Qualora i sintomi del paziente peggiorassero o non trovassero beneficio attraverso il trattamento di tipo conservativo dopo un periodo di 6-12 mesi, l’ortopedico potrebbe optare per l’intervento chirurgico prendendo in considerazione diverse tecniche possibili, scelte sulla base delle caratteristiche del paziente e della condizione.
L’operazione chirurgica risulta essere, invece, la tipologia di trattamento maggiormente utilizzata nei casi di rottura del tendine d’Achille anche se, molto spesso, in presenza di fattori e caratteristiche specifiche può essere intrapreso un percorso di tipo conservativo. Le tecniche di operazione chirurgica per la rottura del tendine sono diverse (chirurgia mini-invasiva, riparazione percutanea, chirurgia aperta) e vengono scelte dal chirurgo ortopedico sulla base della condizione specifica del paziente.
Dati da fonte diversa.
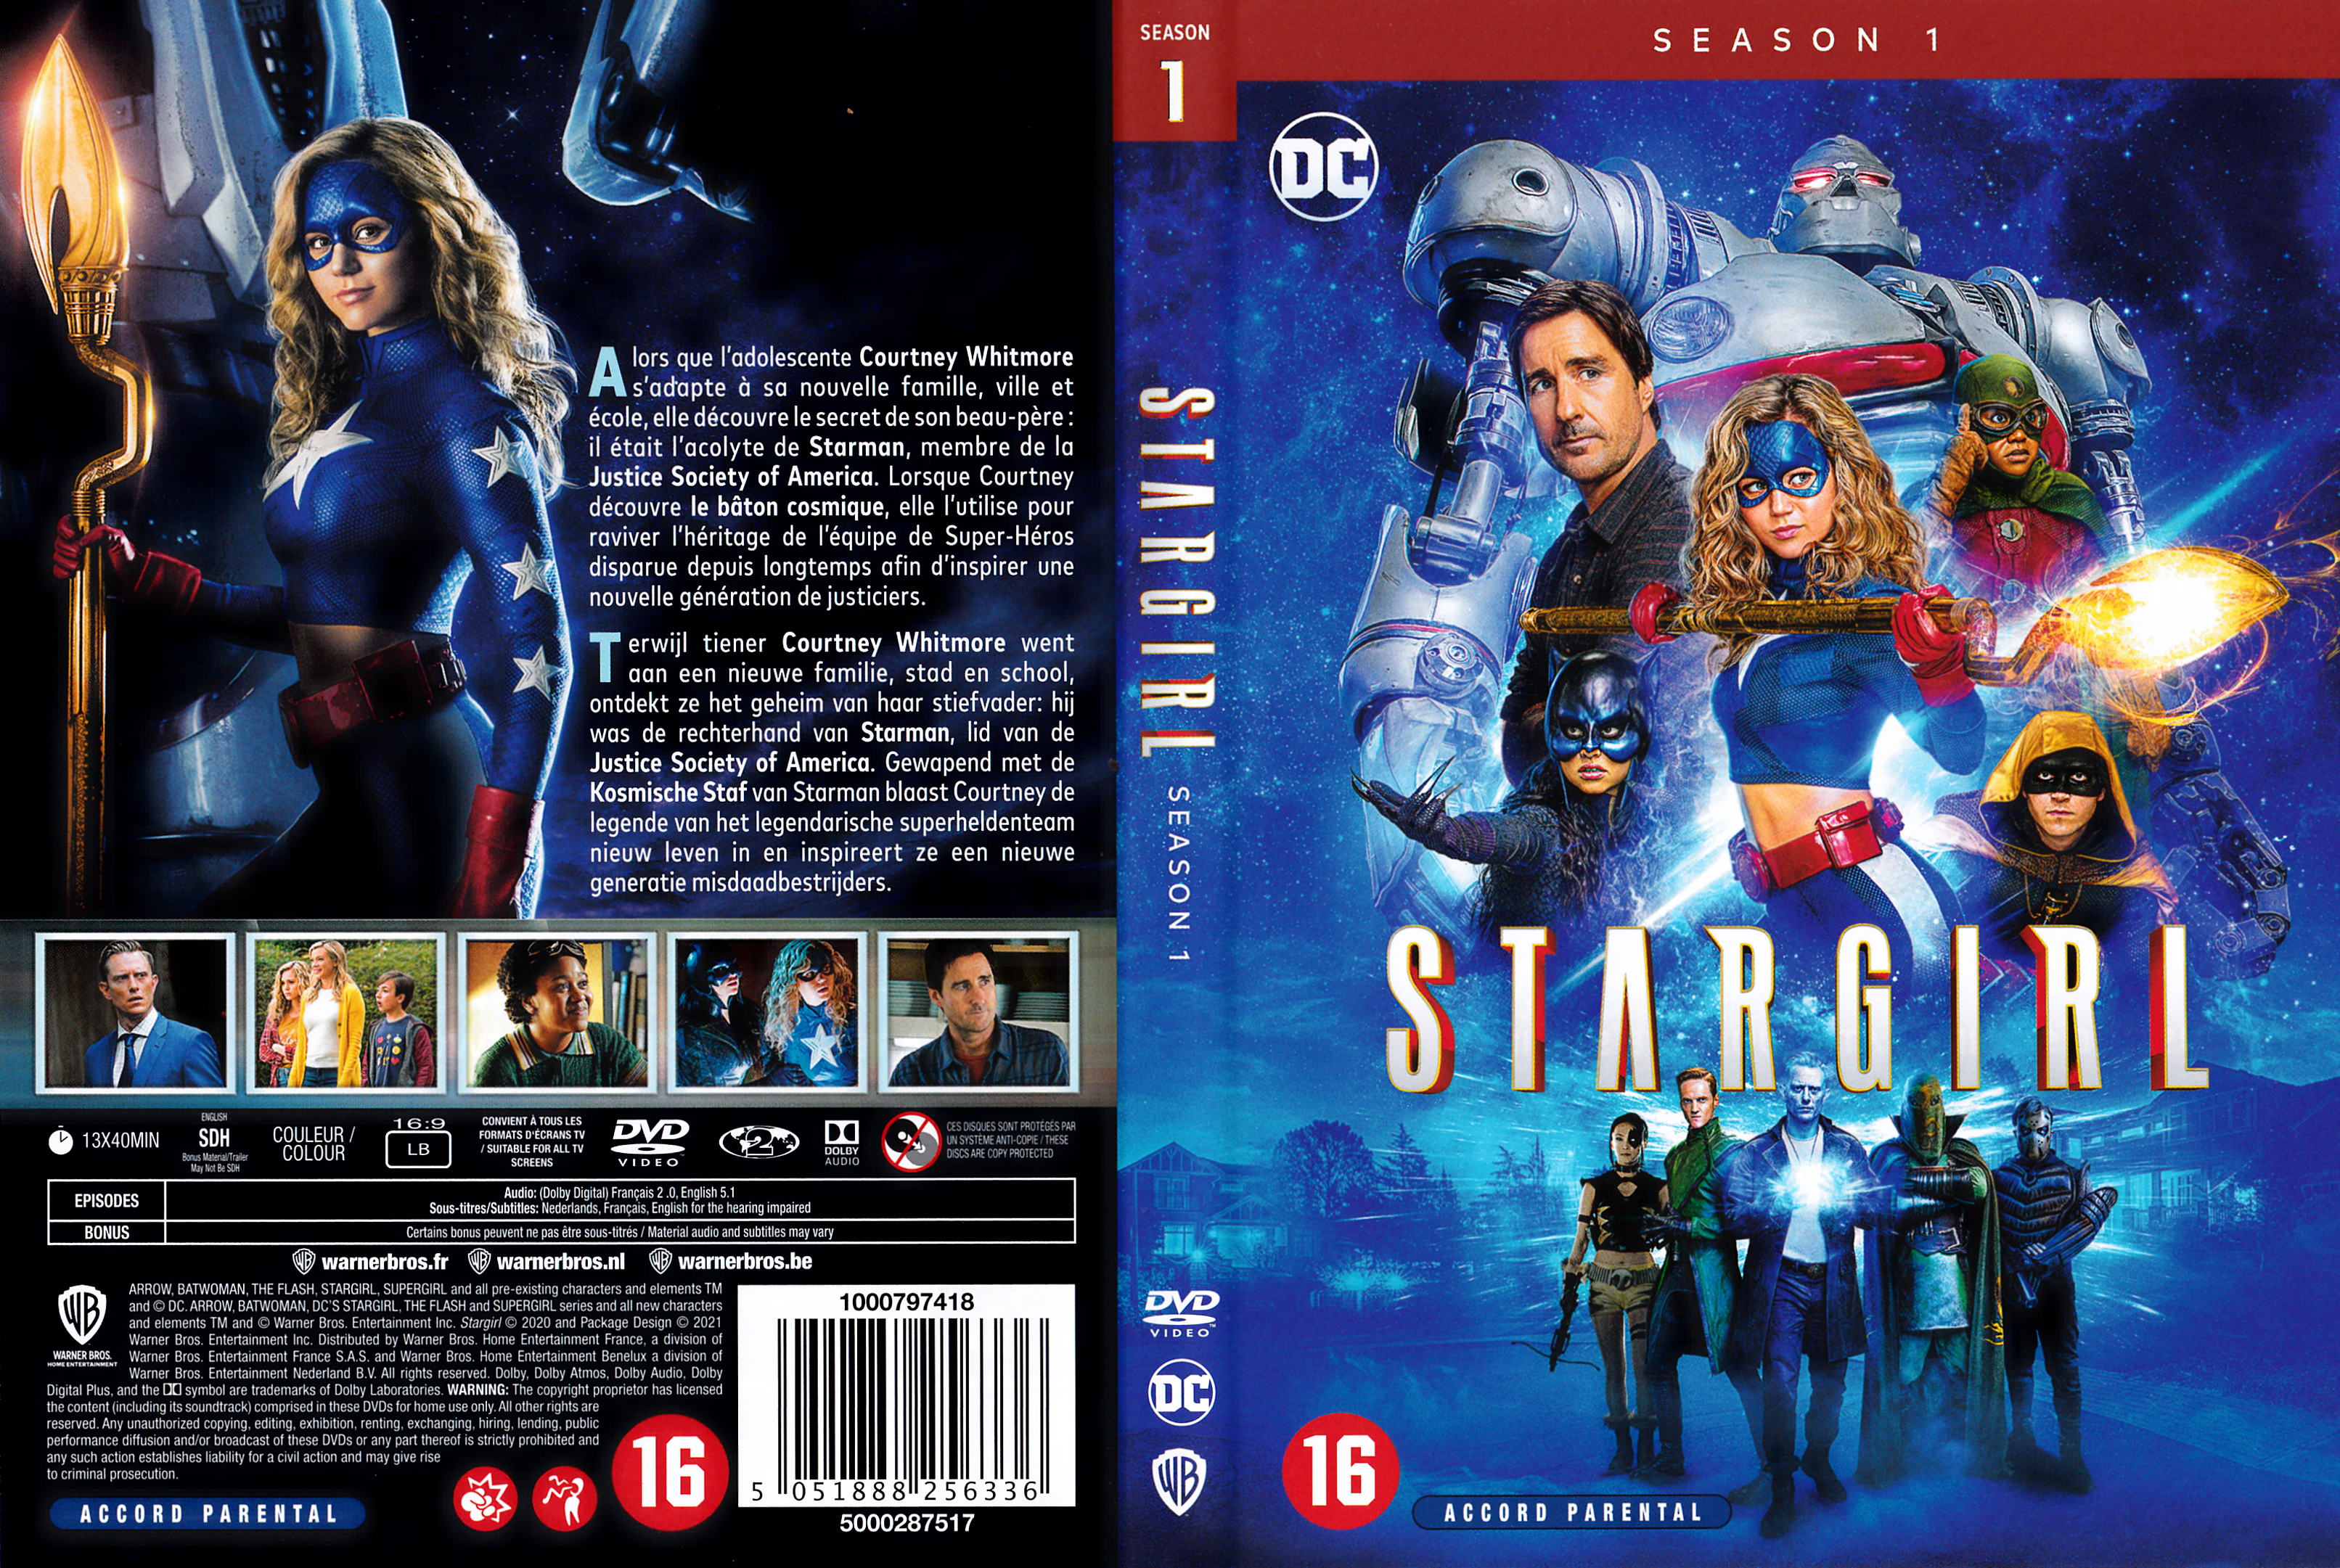 Jaquette DVD Stargirl saison 01

A prescindere dalla tipologia di intervento utilizzato, successivamente il paziente deve necessariamente intraprendere un precoce percorso di riabilitazione post-chirurgica con un fisioterapista. Questo prevede:
- Un iniziale periodo di immobilizzazione dell’articolazione della caviglia al fine di permettere la guarigione e la riparazione del tendine
- Un precoce carico graduale sul tendine per evitare la possibile rigidità
- L’utilizzo di mobilizzazioni passive e attive da parte del fisioterapista per recuperare l’articolarità
- L’utilizzo di esercizi specifici per recuperare la forza muscolare, la stabilità, il completo range di movimento del piede e la piena funzionalità dell’arto inferiore, al fine di tornare a svolgere, senza dolore e senza limitazioni, tutte le attività di vita precedentemente interrotte.